Required action: Taking the line with "Tanks participate in" as the first and the line with "C5 Hydrocarbon Resin" as the last, set down the lines below exactly, pictures excluded.

Data shown:
Start of Block
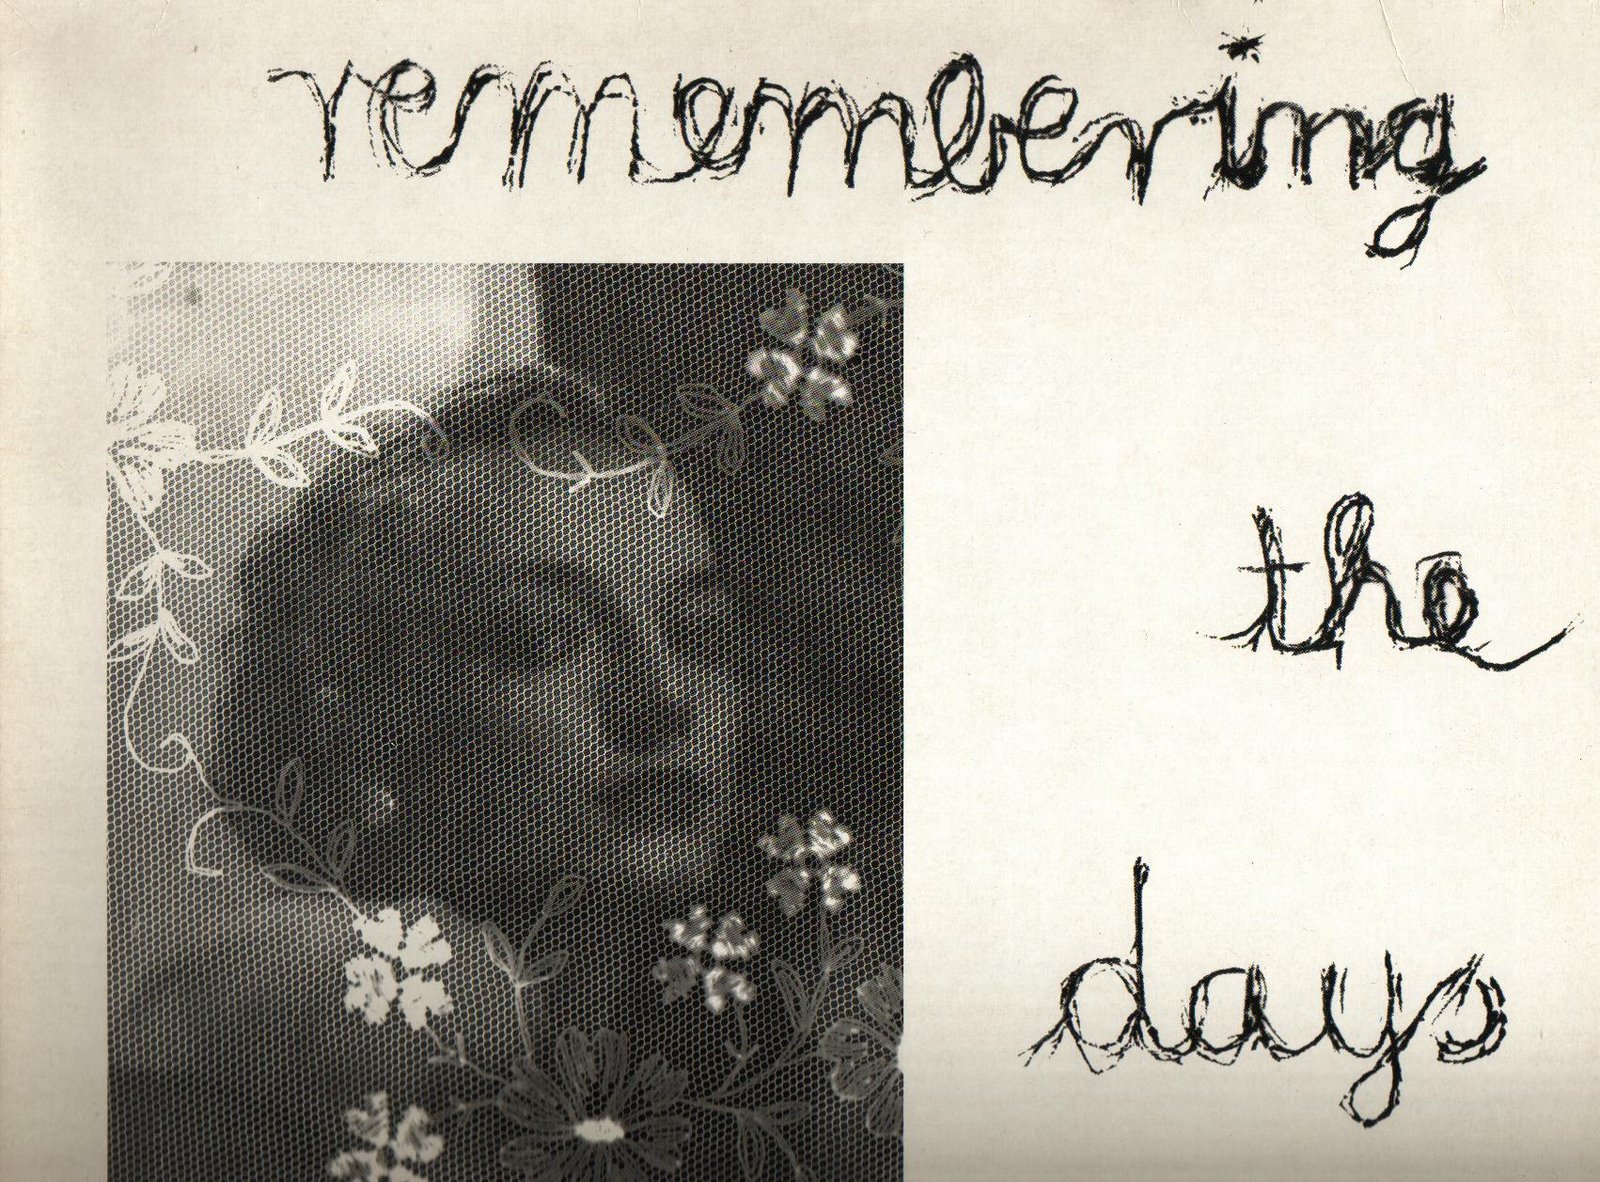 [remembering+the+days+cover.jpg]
End of Block
Start of Block
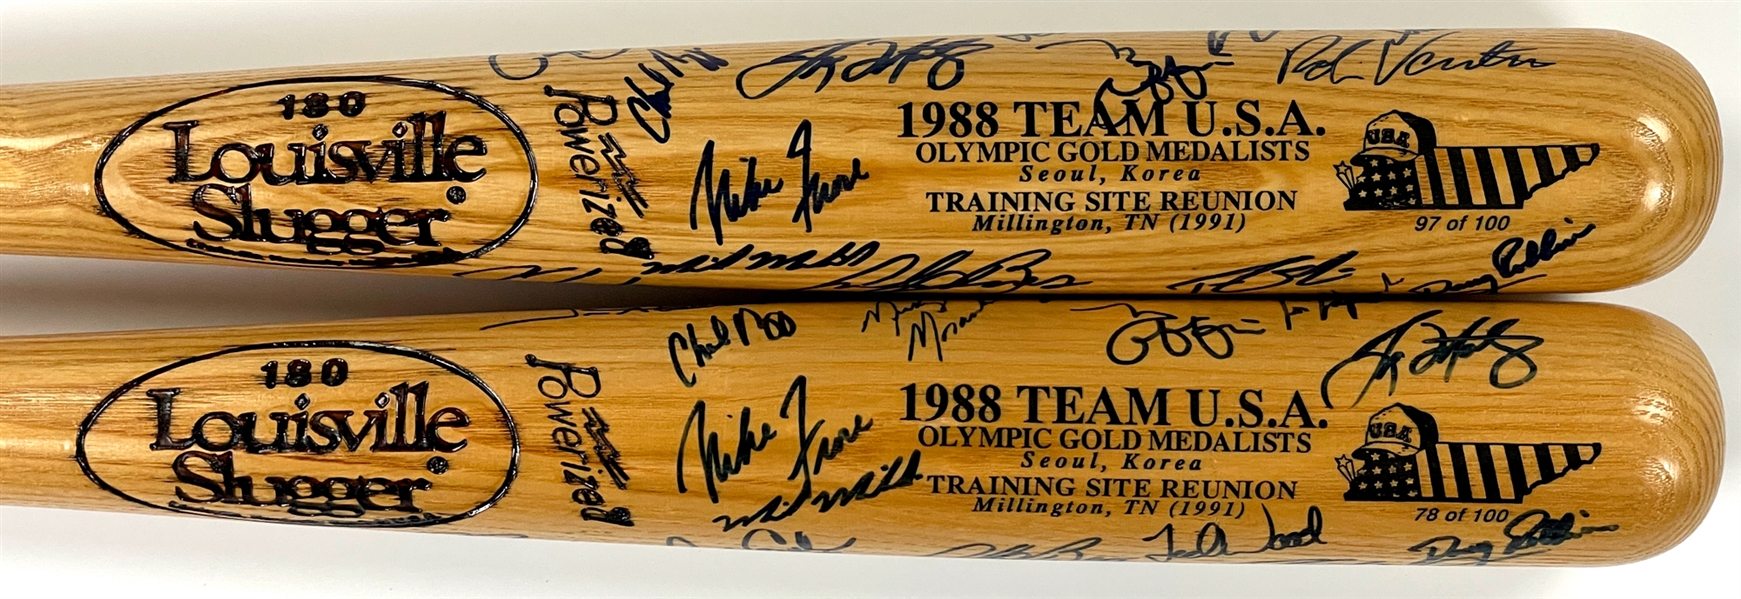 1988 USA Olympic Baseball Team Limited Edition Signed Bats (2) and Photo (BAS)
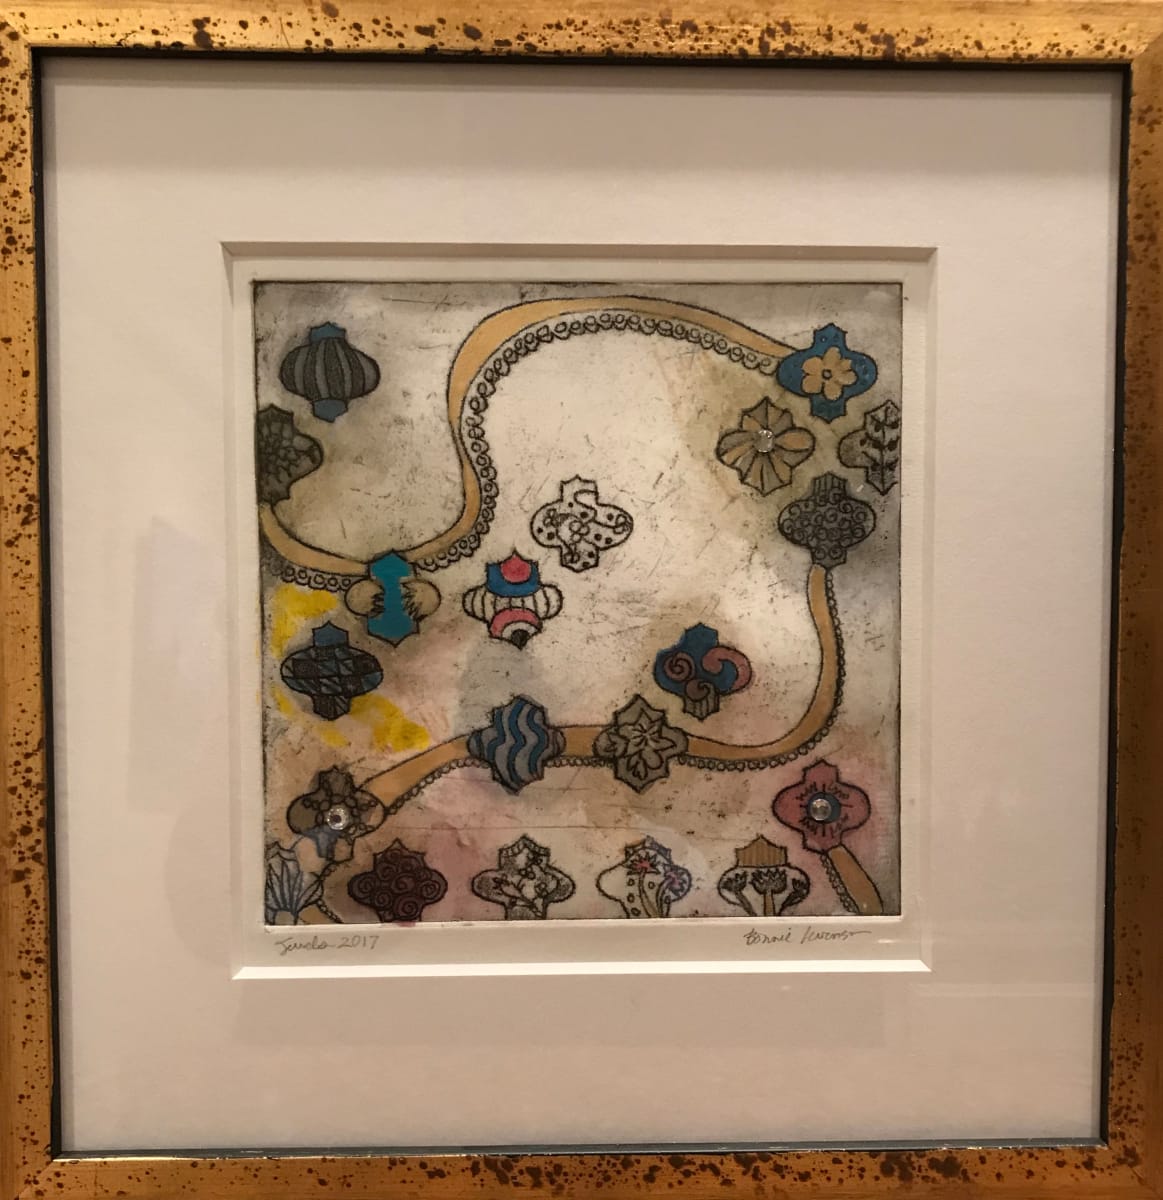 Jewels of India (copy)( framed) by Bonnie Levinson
End of Block
Start of Block
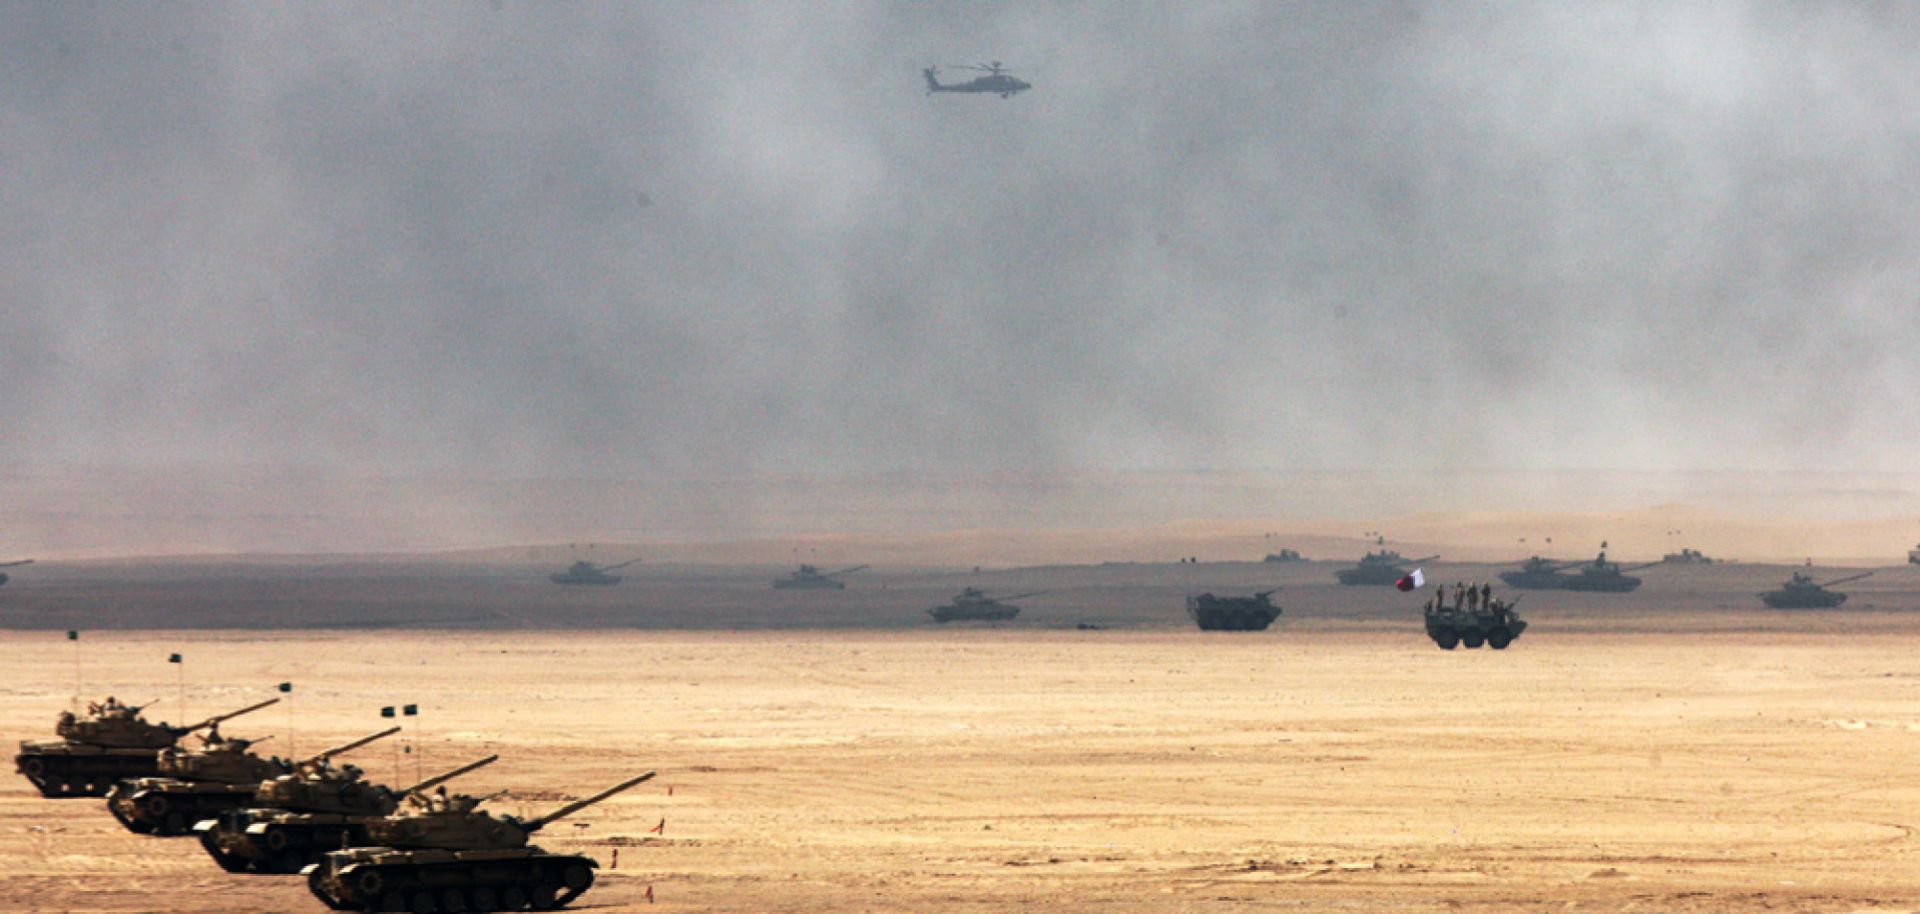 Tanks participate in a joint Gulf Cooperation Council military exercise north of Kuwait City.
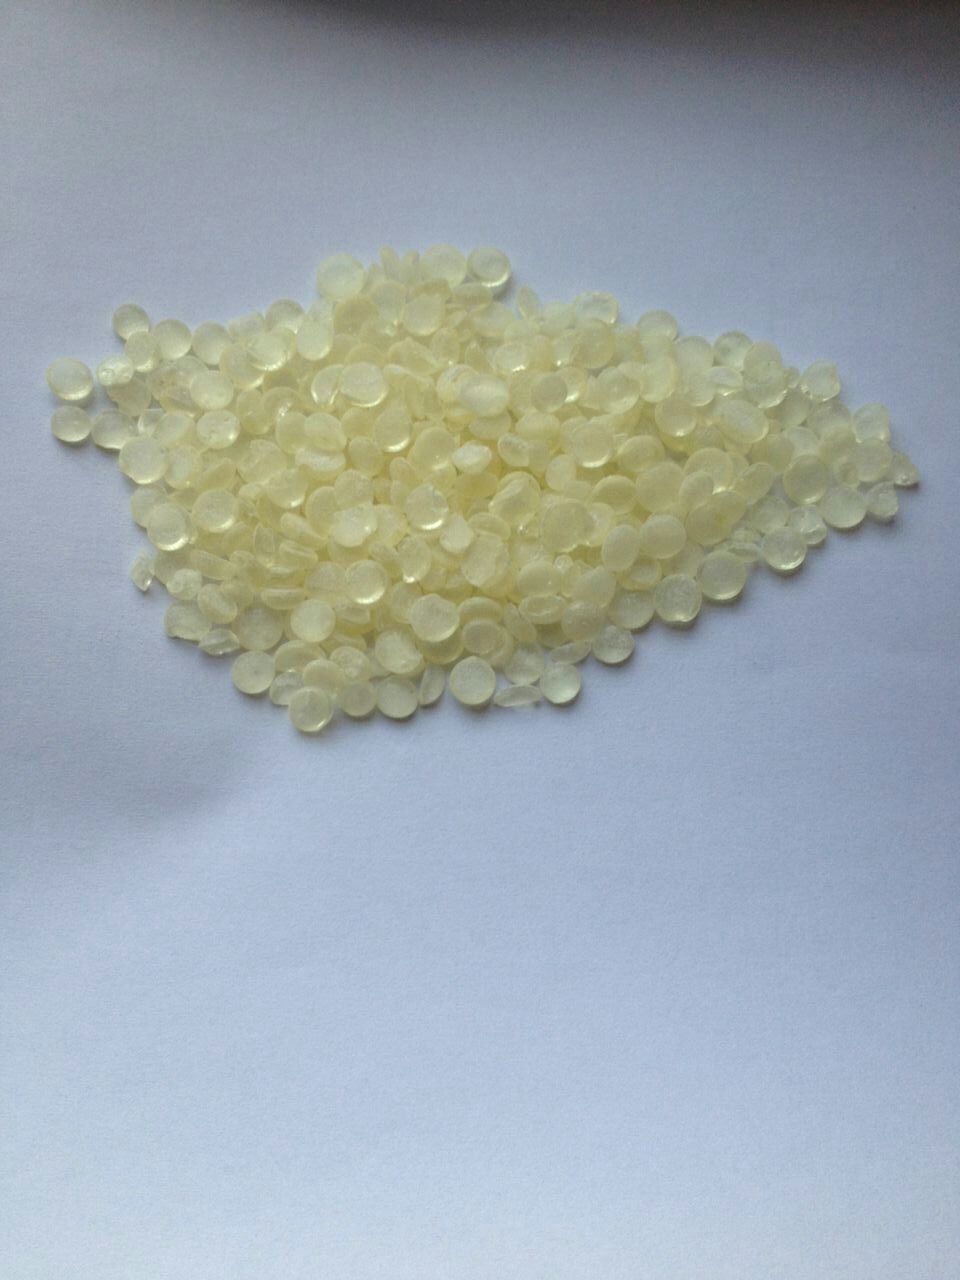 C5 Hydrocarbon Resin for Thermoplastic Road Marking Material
End of Block
Result:
 Tanks participate in a joint Gulf Cooperation Council military exercise north of Kuwait City.
 C5 Hydrocarbon Resin for Thermoplastic Road Marking Material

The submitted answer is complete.